Foi chamada Olga. Esta afirmou que tinha entrado na sala em todos os períodos, tinha enchido sempre o copo de água e tinha confirmado que a professora bebia todo o conteúdo. Quanto aos rumores sobre o Taborda e a Natália, disse que não tinha nada com isso e que lhe passava ao lado.

De seguida veio o professor Taborda. Tinha 54 anos e bom aspecto, apesar de sofrer, em estado um pouco avançado, da síndroma de Wolff-Parkinson-White. Era obrigado a tomar medicamentos a preceito, mas evitando completamente alguns que poderiam interactuar negativamente. Era professor de Ciências Físicas e Naturais e as aulas práticas no laboratório eram o seu expoente profissional, em especial a trabalhar com tóxicos. Tentou ver a sua colega Natália no intervalo das 15/16, mas não a viu. Quando lhe falou no frasco do veneno apreendido ao aluno, ficou vermelho. Confirmou a apreensão do frasco ao aluno, que não o tinha devolvido no fim da aula e que tinha espalhado o conteúdo numa sanita. O frasco vazio deitou-o no contentor do lixo. “Incrível”, pensou Garçôa.

Quando Garçôa interrogou Eduardo Sá, este estava calmo.

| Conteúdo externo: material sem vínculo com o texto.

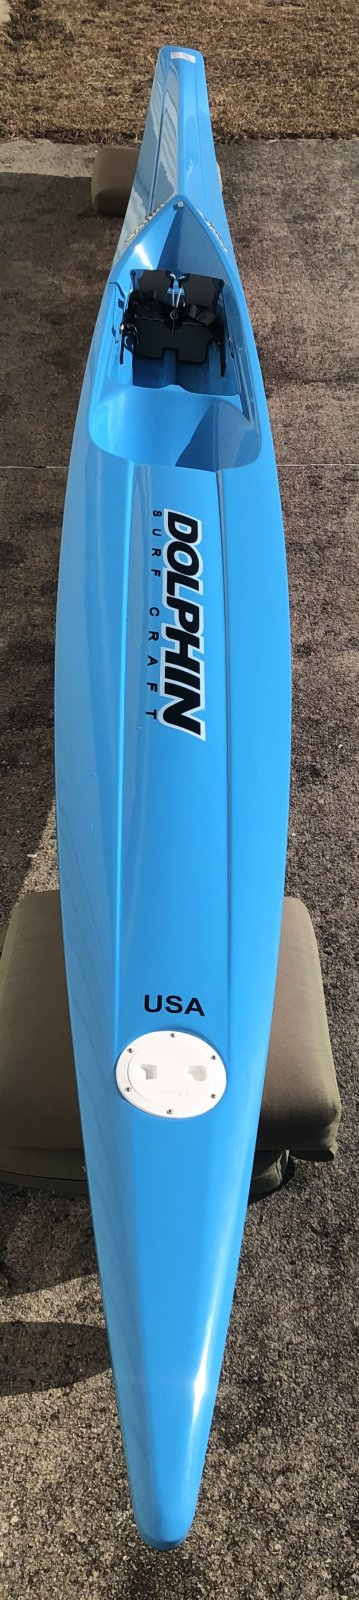 Dolphin Adjustable Drive II Surf Ski 19' - Demo 1040

Viu que o “teórico” tinha a sua ficha clínica nas mãos, explicou-lhe que, tal como sua mulher, era um doente conformado com o seu estado. Sofria de “insuficiência cardíaca” e uma arritmia diagnosticada como supraventricular. Estava medicado com um fármaco que, para além de dar força ao coração (chamado “efeito inotrópico positivo”), lhe reduzia a frequência cardíaca, obrigando o seu coração a bater a um ritmo mais lento e fácil de suportar. Nunca lhe disse o nome do fármaco. Garçôa pouco se importou com esta omissão. Eduardo guardava este medicamento em local seguro e inacessível a terceiros, incluindo sua mulher. No dia da morte desta, deslocou-se à sua sala, no intervalo das 11/12 e no das 14/15, porque a mulher lhe pediu que lhe trouxesse um analgésico (tipo aspirina) pois sentia-se mal. Não a viu em ambas as vezes e retirou-se para a sua sala. Pelo telemóvel, disse-lhe que tinha metido no copo o tal analgésico. Almoçaram em turno diferente. Só a voltou a ver caída no chão e já desmaiada, a seguir ao alarme. Nunca referiu qualquer aspecto da vida conjugal com a mulher. Garçôa franziu o sobrolho.

O “teórico” ainda interrogou o director para saber algo mais sobre a Natália. Relativamente a um romance entre Natália e Taborda, não sabia de nada, mas já tinha sido informado do caso do frasco de veneno que Taborda tinha apreendido a um aluno e que, de certeza, o tinha consigo, quando entrou na sala da colega às 14h50. “A ocasião faz o ladrão, não é, senhor inspector? E custa-me dizer isto, mas Taborda não é boa peça.” E estranhou o destino que Taborda deu ao frasco e ao seu conteúdo. Admirava-se que Natália mantivesse um romance com ele, pois também era doente como o seu marido. Estava medicada a preceito. Sofria do coração, pois tinha uma “cardiomiopatia hipertrófica obstrutiva” e por vezes apresentava situações de “hipercalcemia” e” hipocaliemia” significativas. Garçôa não teve acesso ao resultado da autópsia, por já ter a presunção de quem era o criminoso, mas porque a análise da mesma iria ser feita pelo MP para fundamentar a acusação. No entanto, soube que a falecida apresentava uma significativa desidratação e também “hipercalcemia”.

Quando o ajudante de Garçôa coseu o processo, rotulou-o “A Morte (da) Digitálica” (501/06 homicídio) O “teórico” sorriu.